The conflict that began last week when Israeli drone and missile attacks destroyed nuclear facilities and killed top officials and weapons scientists in Iran has also devastated a top Israeli science institution, the Weizmann Institute of Science in Rehovot. On 15 June, retaliatory missile strikes by Iran caused catastrophic damage to two major campus structures: a facility to house chemistry and material science labs that was scheduled to open this year and an existing building devoted to life and computational sciences. Hundreds of scientists at the university in Rehovot have lost a year or more of work in the rubble.
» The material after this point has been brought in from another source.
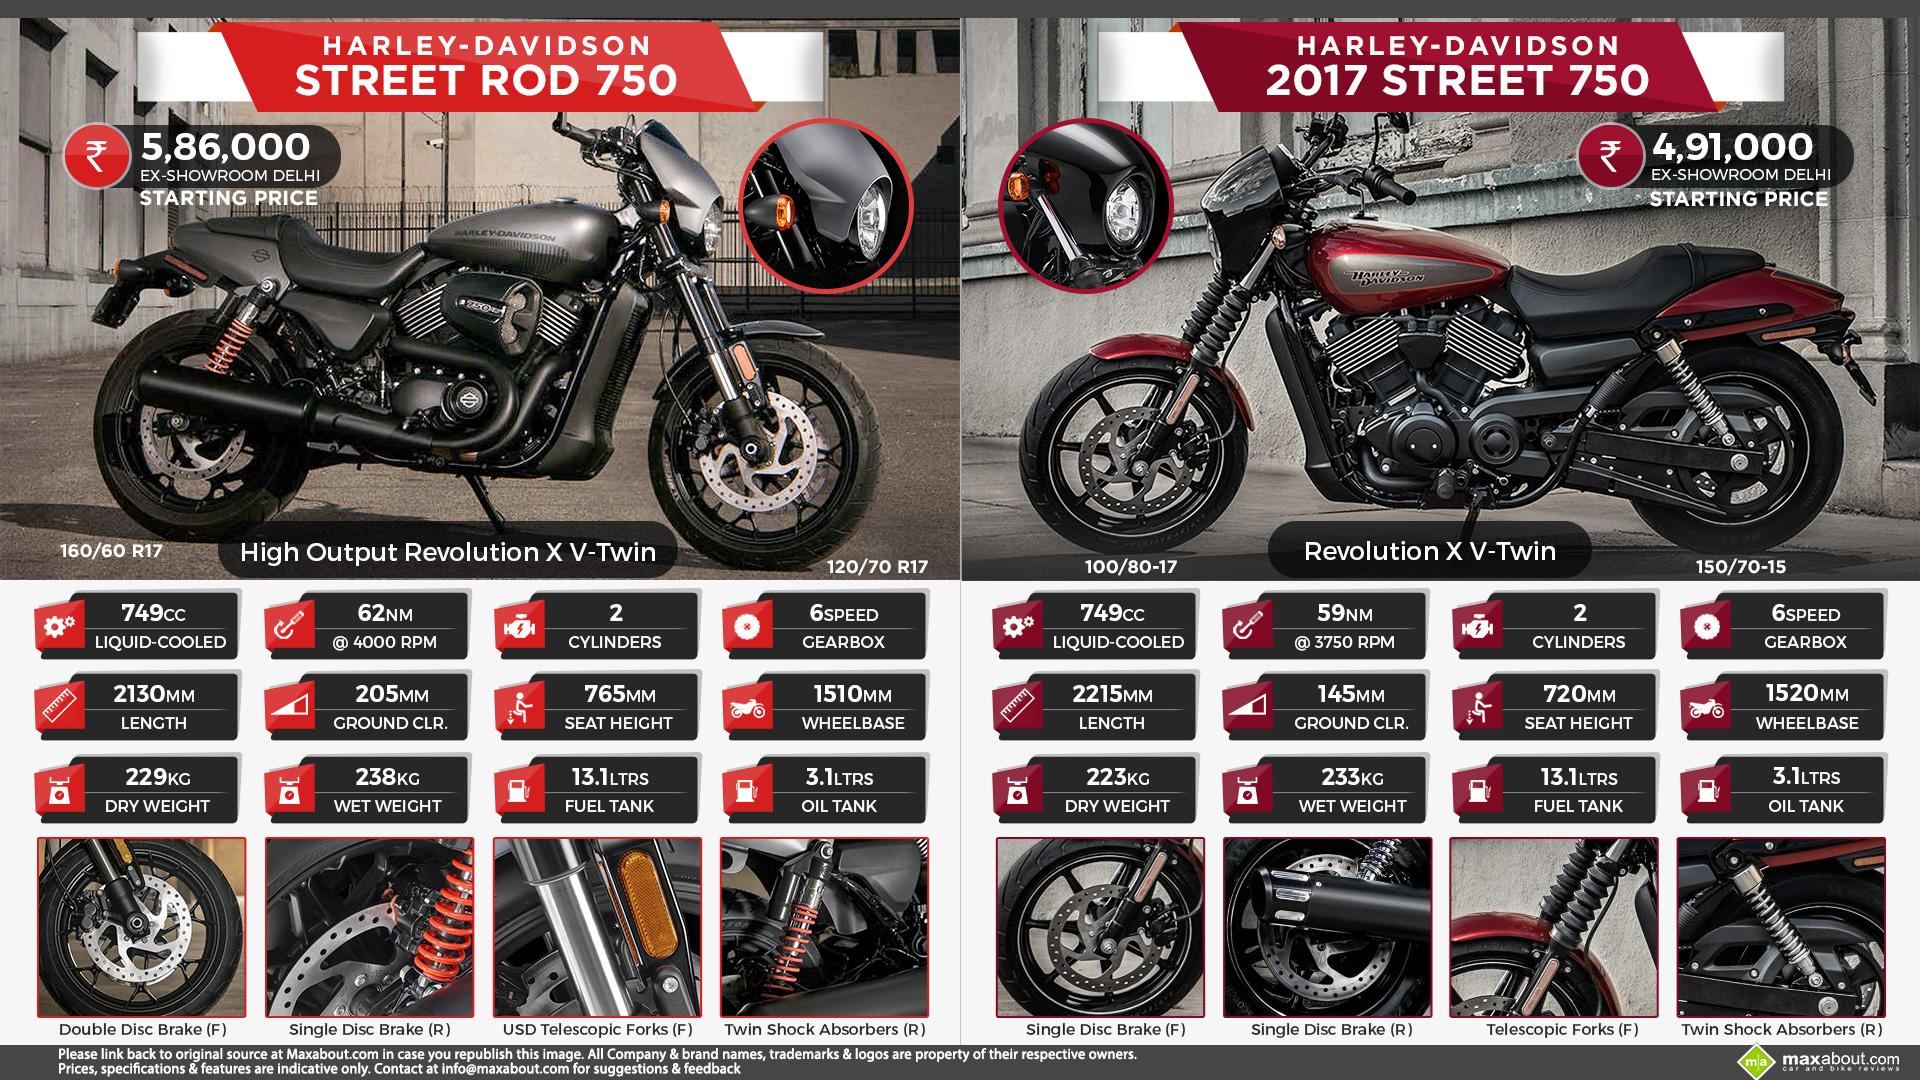 1340 Evo Engine Diagram - Wiring Diagram Database Harley Evolution Engine Diagram on

“Clearly we are a target,” says physicist Roee Ozeri, Weizmann’s vice president for development and communications. Although dozens have been killed by Iranian missiles elsewhere in Israel and hundreds have died in Iran, there were no reported injuries at the prestigious institute, which has some 500 housing units on campus for visiting faculty, postdocs, and students. Ozeri says Weizmann has now evacuated visitors to hotels off campus and the school is currently closed to faculty and staff.
Although it is strongest in the life sciences, Weizmann conducts some research in partnership with the Israeli military related to computer science, energy, and medicine, which some on social media have suggested may have made it a target for Iran. But most of the damage was done to laboratories that research cancer.